Product Description
The story is simple, seen through the eyes of an 11-year-old boy. As an adult he remembers the way things were back home on the farm on the west coast of Cape Breton. The time was the 1940s, but the hens and the cows and the pigs and the sheep and the horse made it seem ancient. The family of six children excitedly waits for Christmas and two-year-old Kenneth, who liked Halloween a lot, asks, “Who are you going to dress up as at Christmas? I think I’ll be a snowman.” They wait especially for their oldest brother, Neil, working on “the Lake boats” in Ontario, who sends intriguing packages of “clothes” back for Christmas. On Christmas Eve he arrives, to the delight of his young siblings, and shoes the horse before taking them by sleigh through the woods to the nearby church. The adults, including the narrator for the first time, sit up late to play the gift-wrapping role of Santa Claus.
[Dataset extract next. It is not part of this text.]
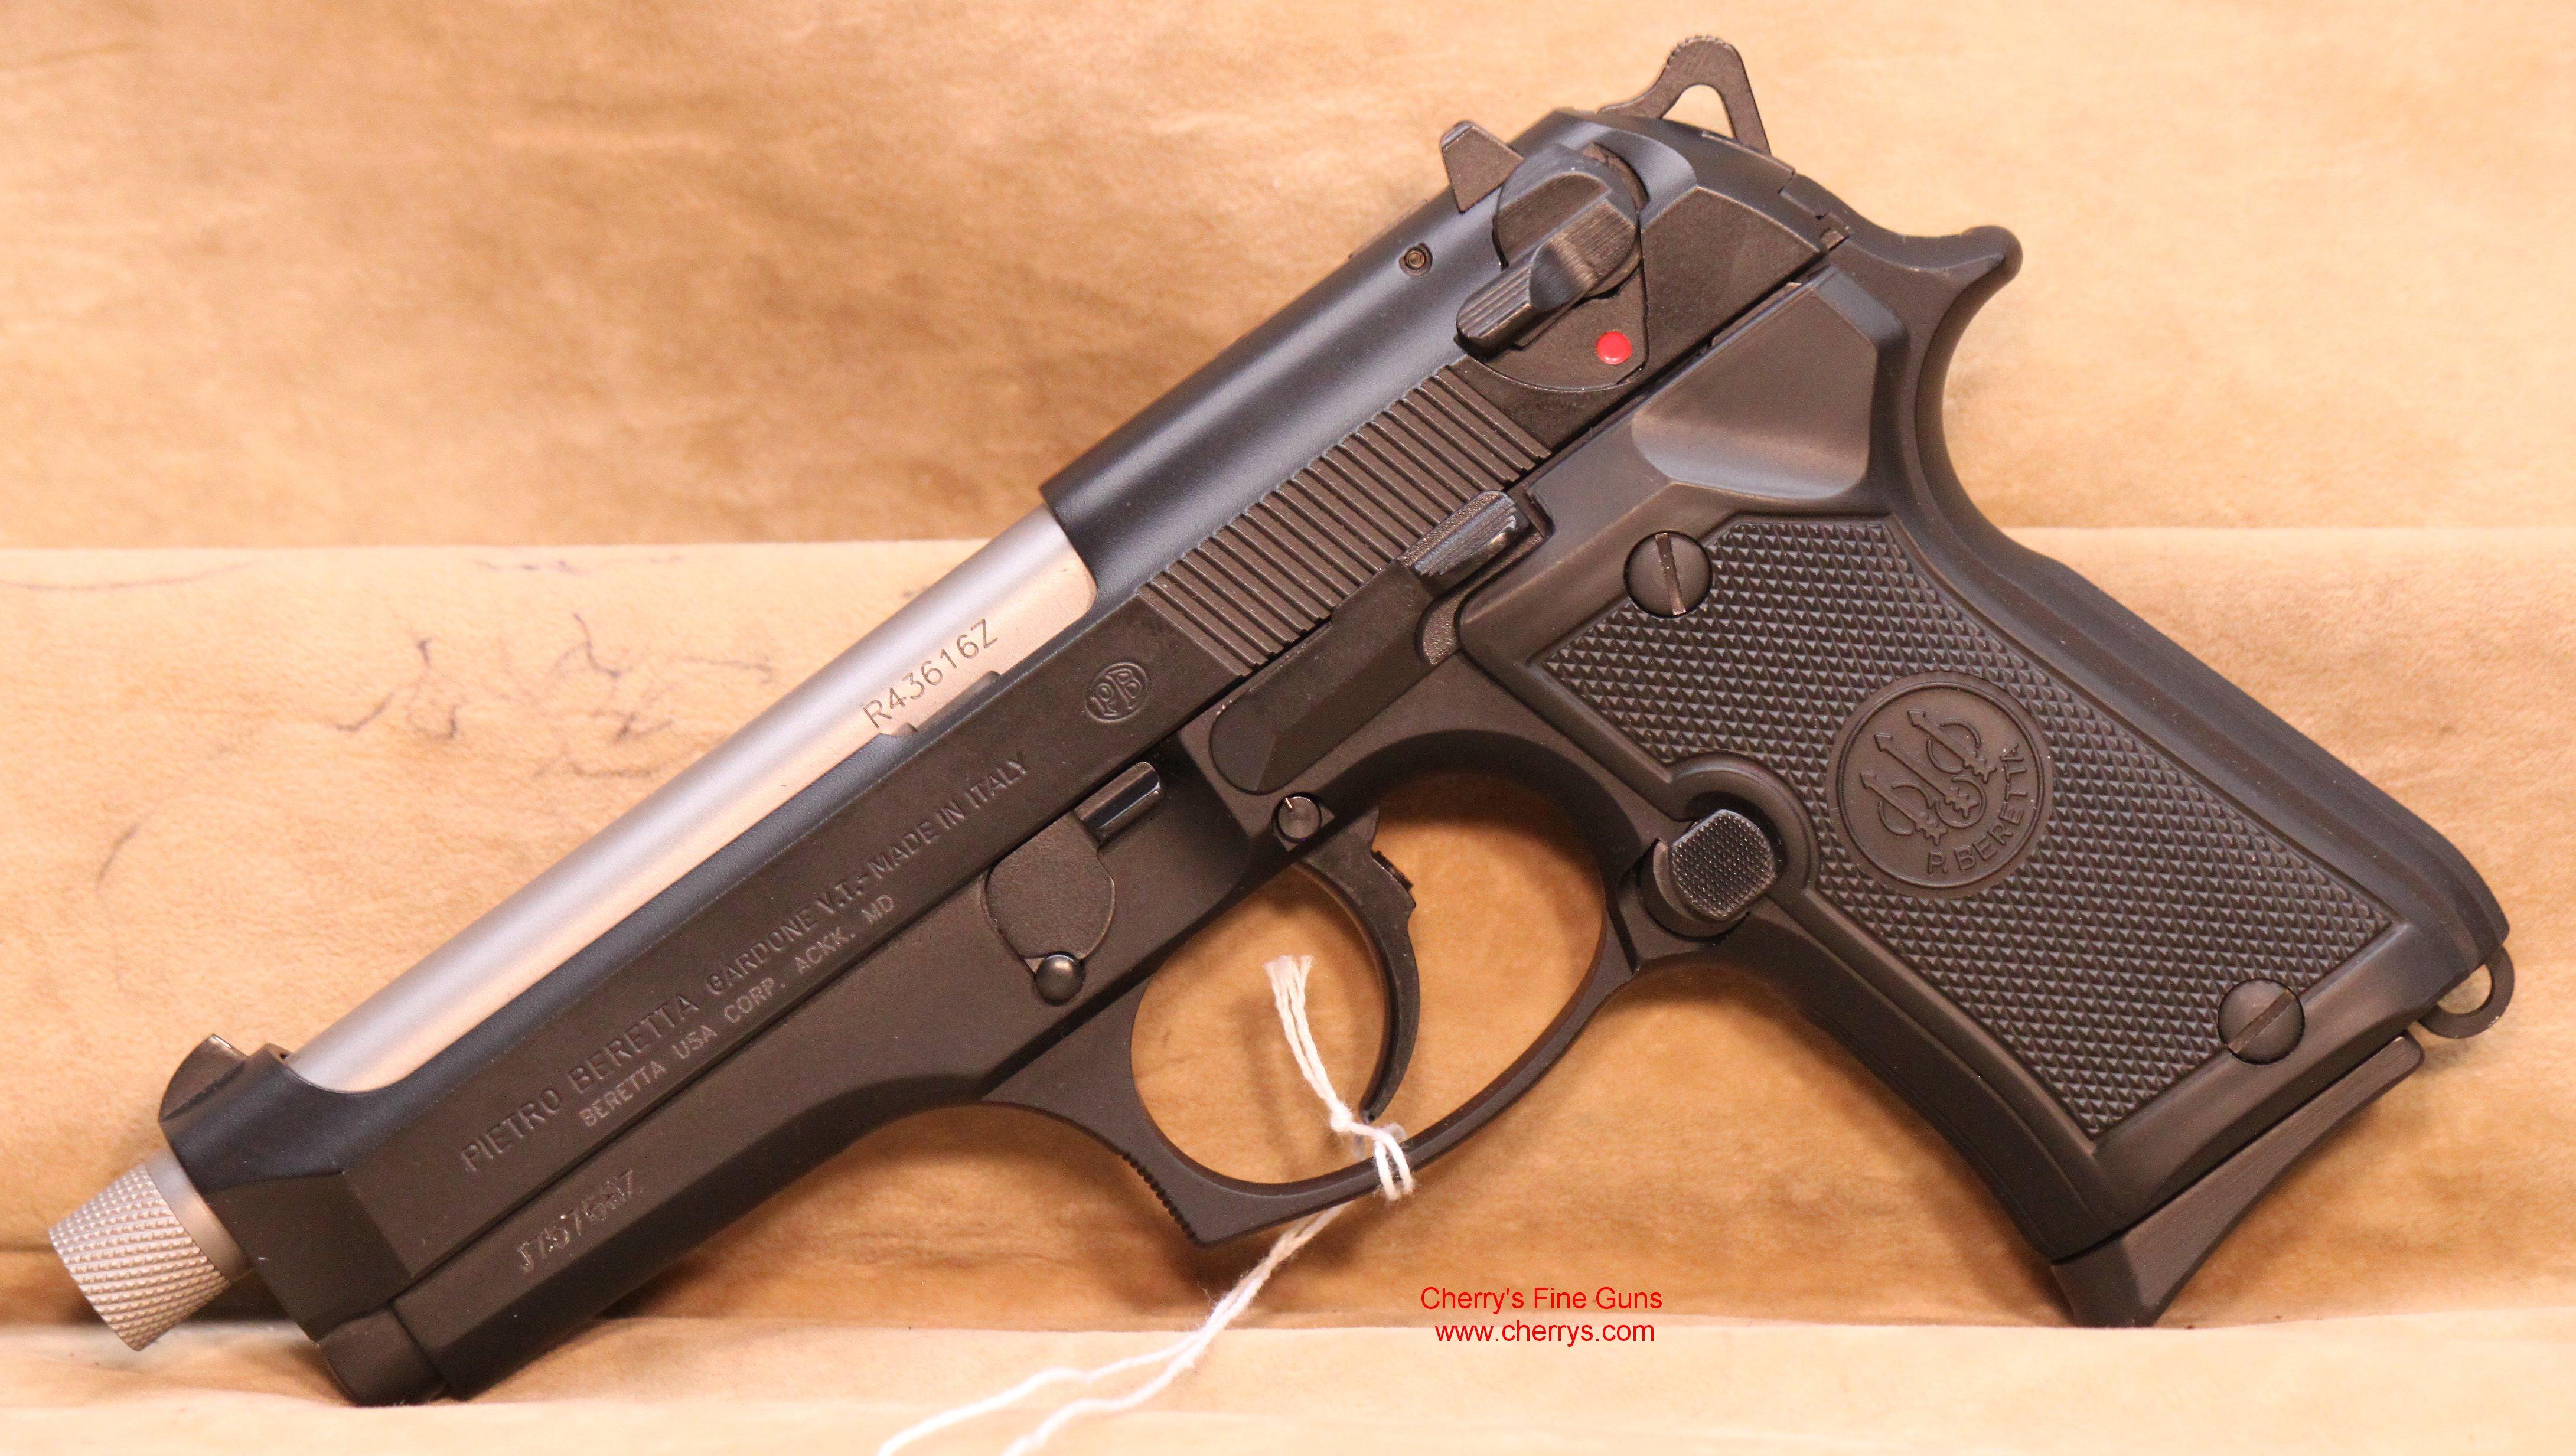 Cherry's Handgun Inventory Page
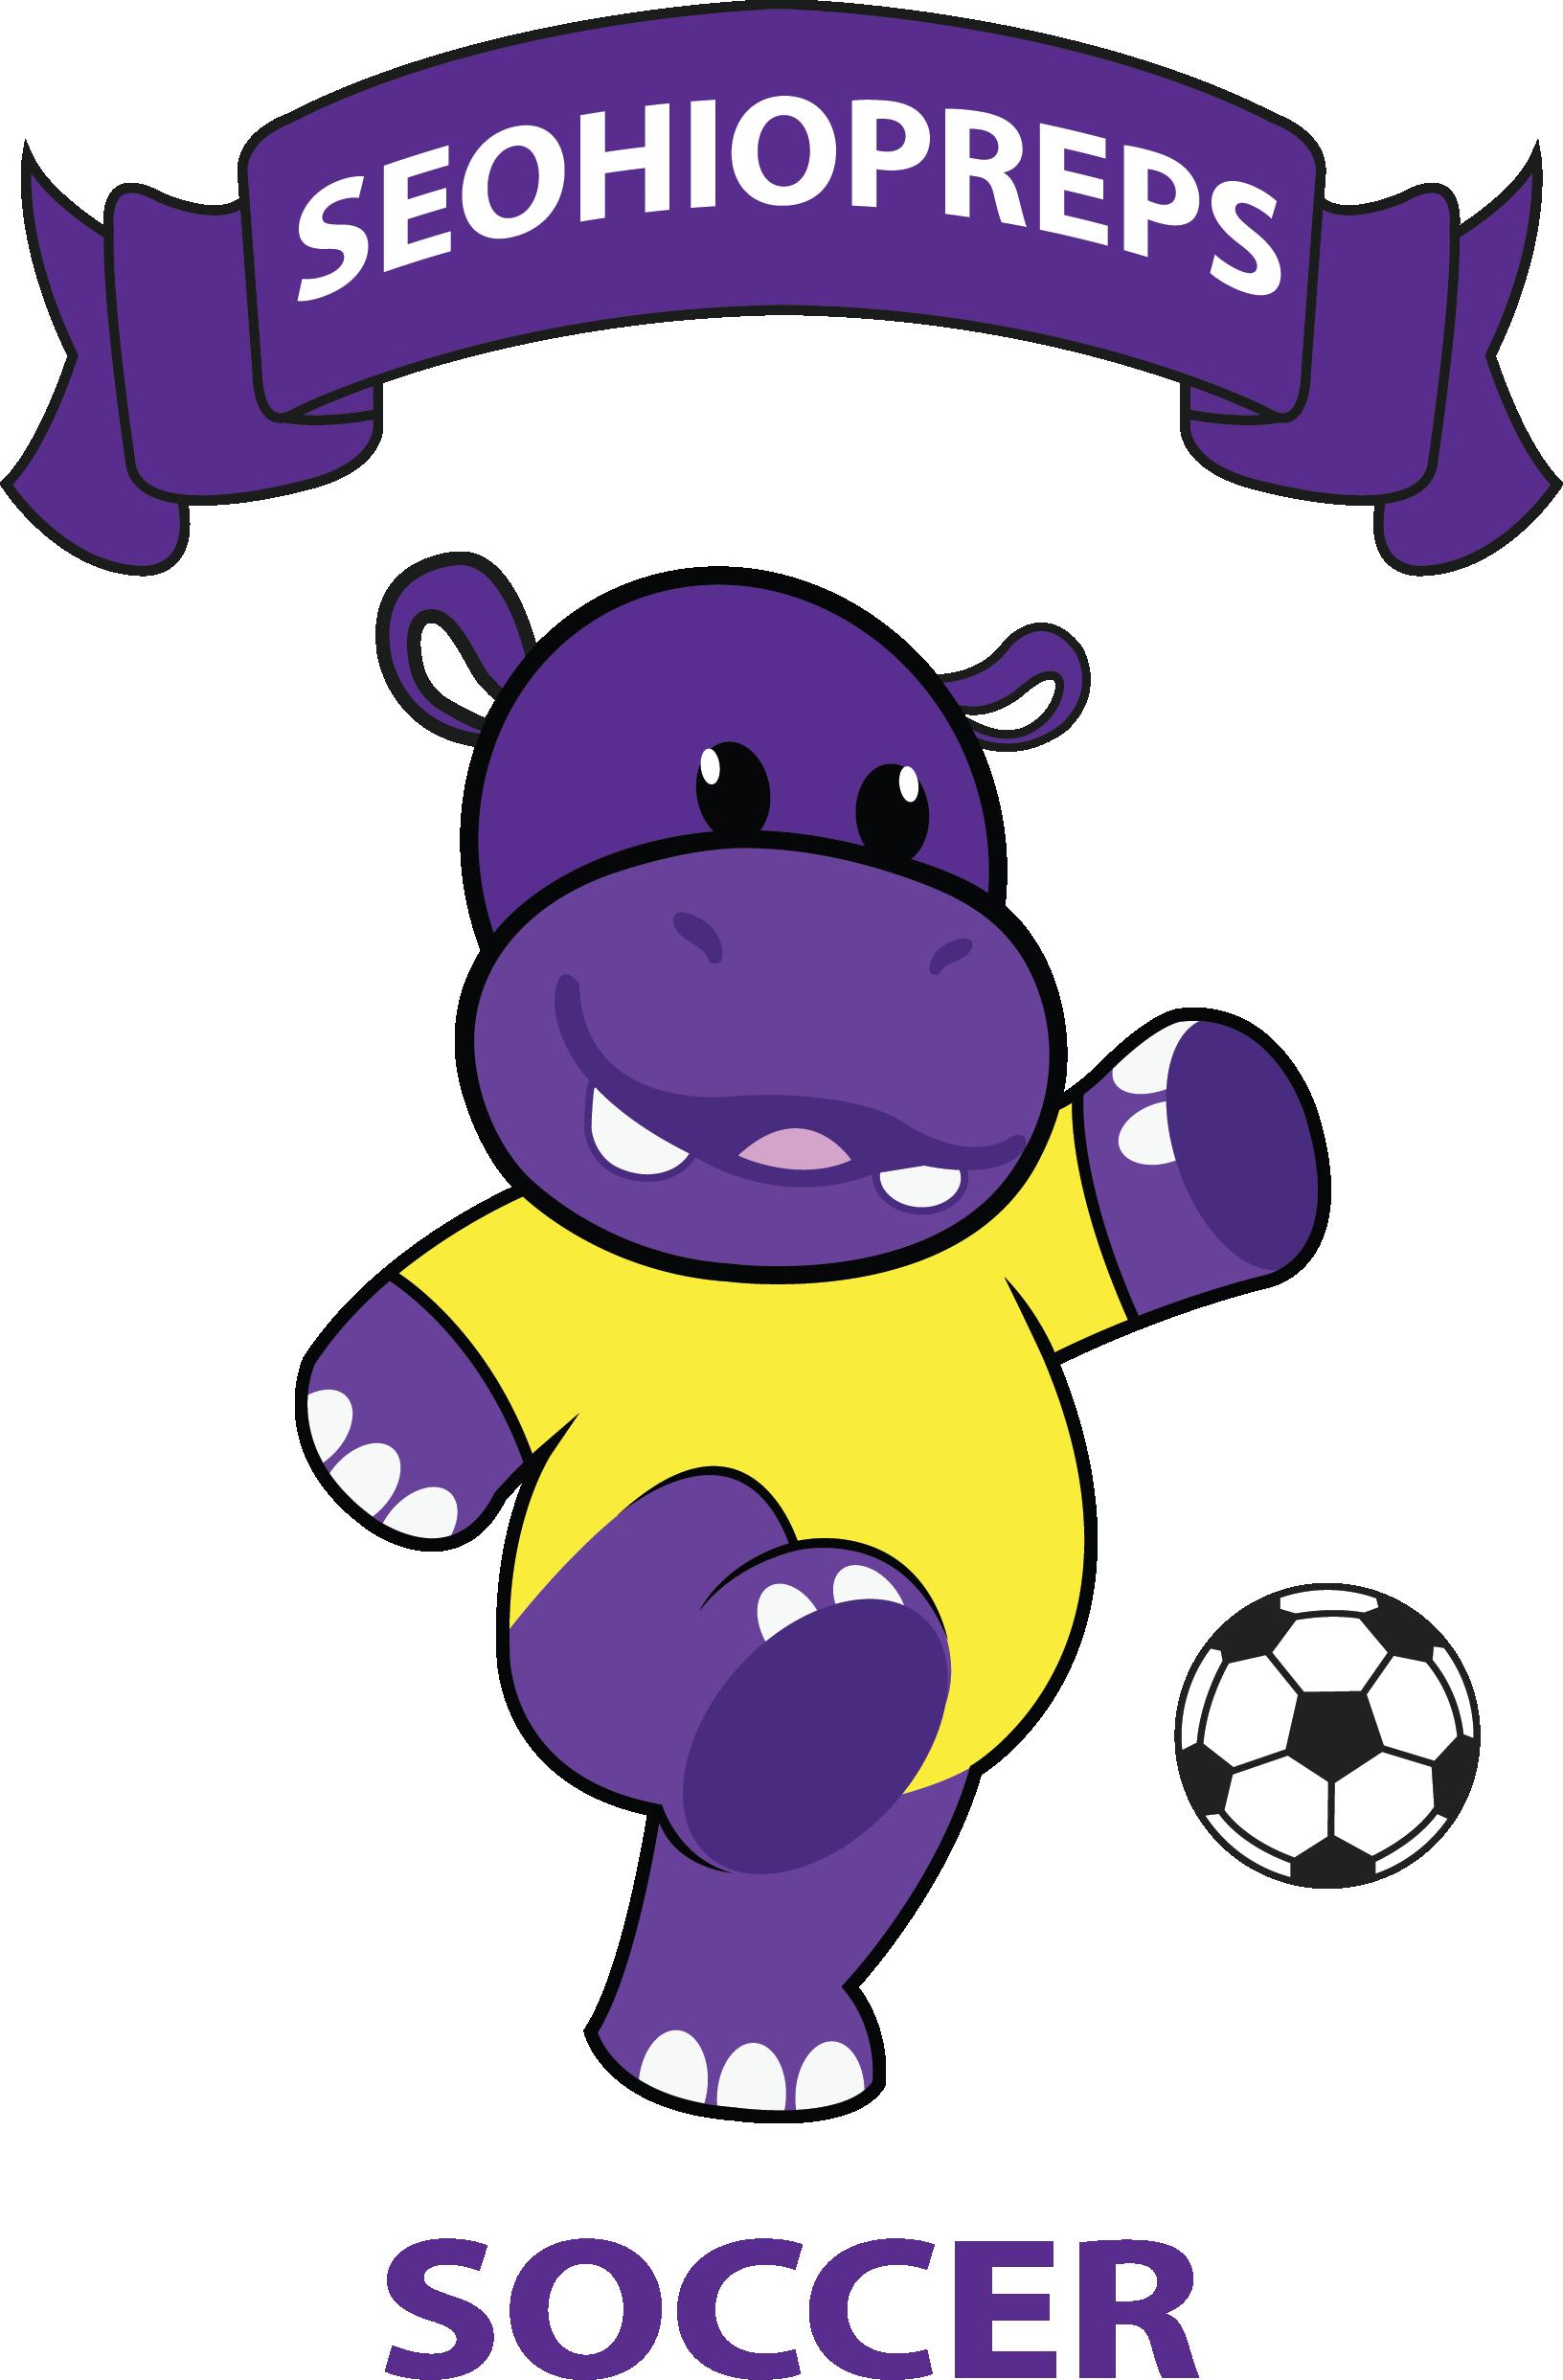 seohiopreps soccer

The story is simple, short and sweet, but with a foretaste of sorrow. Not a word is out of place. Matching and enhancingthe text are black and white illustrations by Peter Rankin, making this book a perfect little gift.
For readers from nine to ninety-nine, our classic Christmas story by one of our greatest writers.
About the Author
Alistair MacLeod was born in North Battleford, Saskatchewan, and raised among an extended family in Cape Breton, Nova Scotia. He has published two internationally acclaimed collections of short stories:
The Lost Salt Gift of Blood (1976) and
As Birds Bring Forth the Sun (1986). In 2000, these two books, accompanied by two new stories, were published in a single-volume edition entitled
Island: The Collected Stories of Alistair MacLeod. In 1999, MacLeod’s first novel,
No Great Mischief, was published to great critical acclaim, and was on national bestseller lists for more than a year. The novel won many awards, including the prestigious International IMPAC Dublin Literary Award. Alistair MacLeod and his wife, Anita, have six children. They live in Windsor, Ontario.
Peter Rankin was born in Cape Breton, Nova Scotia. He specializes in illustrating the traditional way of life there. A fisherman as well as an artist, in 2004 he illustrated
Making Room, a children’s book by Joanne Taylor that was published by Tundra Books, for which he won the 2004 Lillian Shepherd Memorial Award for Excellence in Illustration. He lives in Mabou Coal Mines with his wife and their five children.